The Gae Bolg- The spear of Cú Chulainn. If you wash it in a stream before use and throw it from the foot, it extends barbs down every blood vessel in the victim’s body. You don’t remove the spear from the corpse so much as clean the corpse off of the spear. Very nasty.
The Spear of Lugh- This thing is so bloodthirsty that if you don’t keep it immersed in a bath of blood while it’s not in use, it’ll burst into flame and consume the blood of everyone nearby. Fortunately, if you don’t have enough blood to fill a bathtub, poppy juice will do.

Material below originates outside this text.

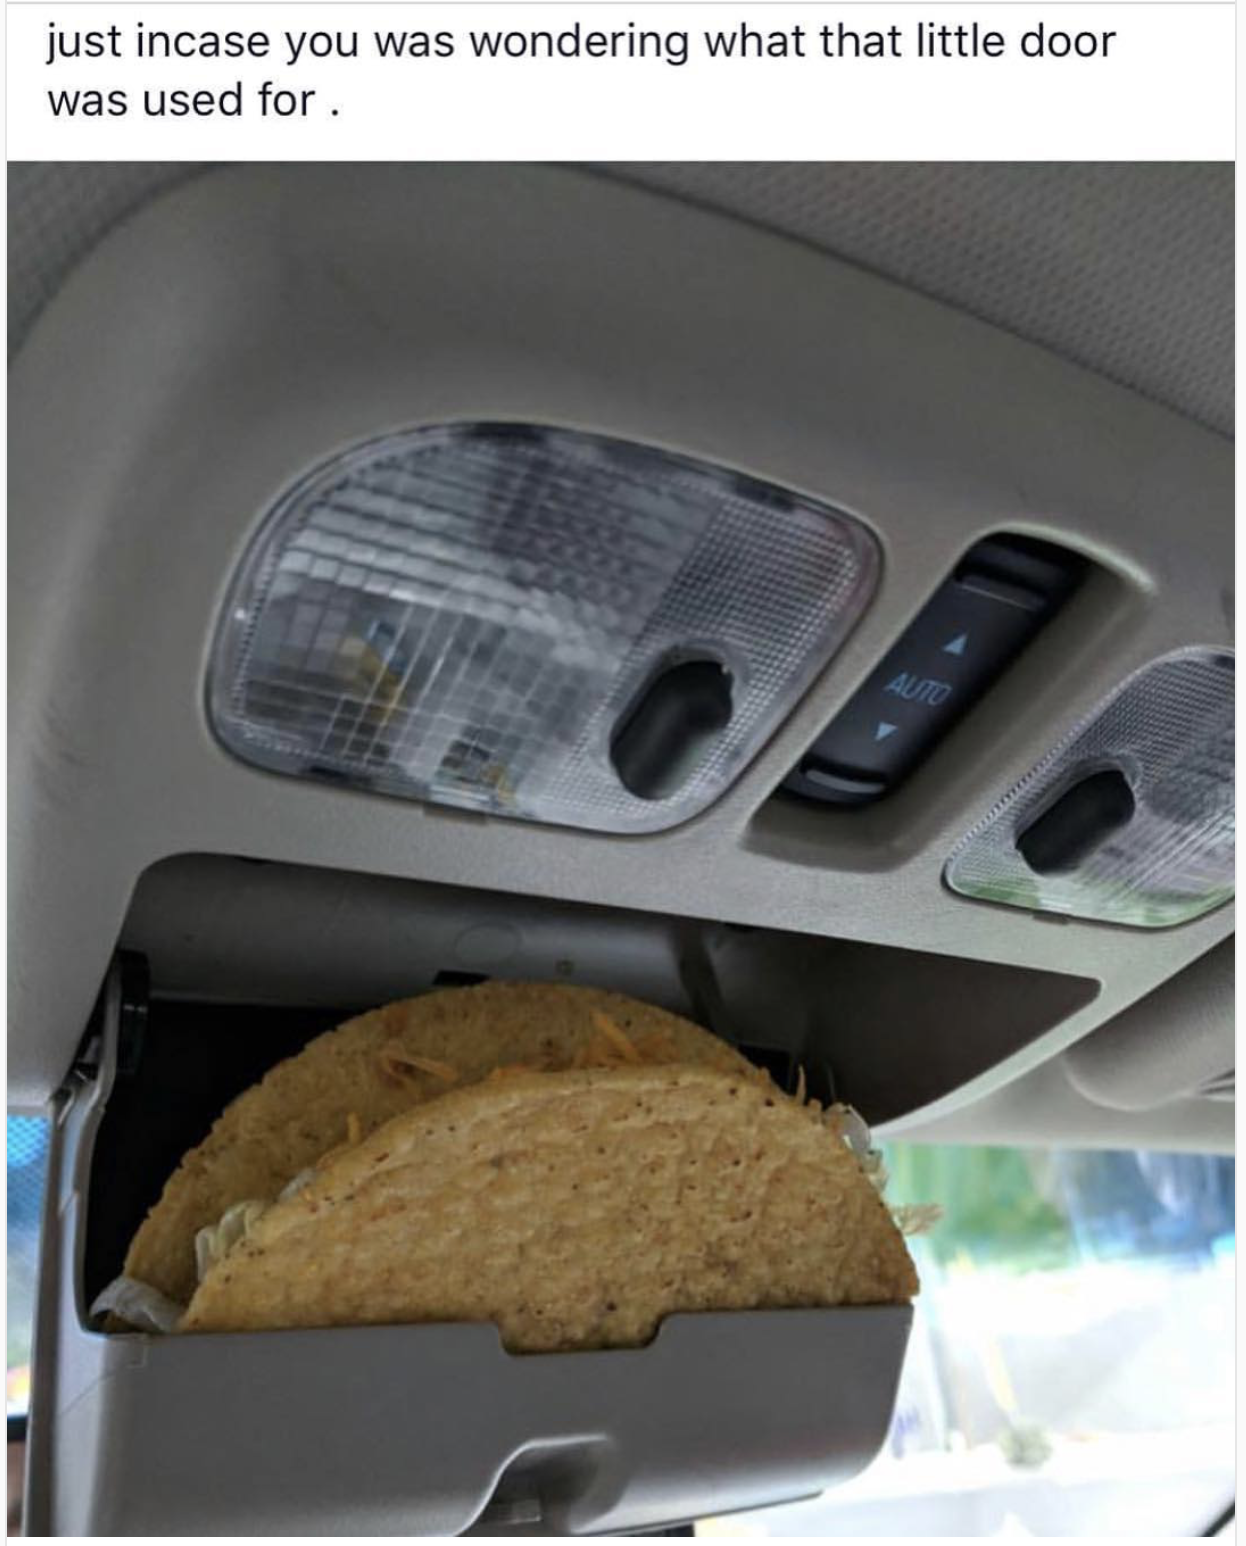 taco car - just incase you was wondering what that little door was used for

Claíomh Solais, the Sword of Light- has seven edges. Emits blinding light.
Caladbolg- the sword of Fergus MacRoích. It leaves a rainbow trail when you swing it, and once lopped the tops of three mountains when Fergus missed a strike.
Fragarach, the Answerer- A sword that can cut through anything, inflict wounds that never heal, control the winds, and prevent people from lying when it’s pressed against their throat. That last one may not be a magic power per say.
Excalibur- You think you know it, but those basic boring Athurian Legends you’ve read don’t show off its best powers. In Welsh stories, this thing burns out the eyes of its wielder’s enemies, and cuts through anything that isn’t enchanted like a lightsaber.
If you know any others, feel free to add them!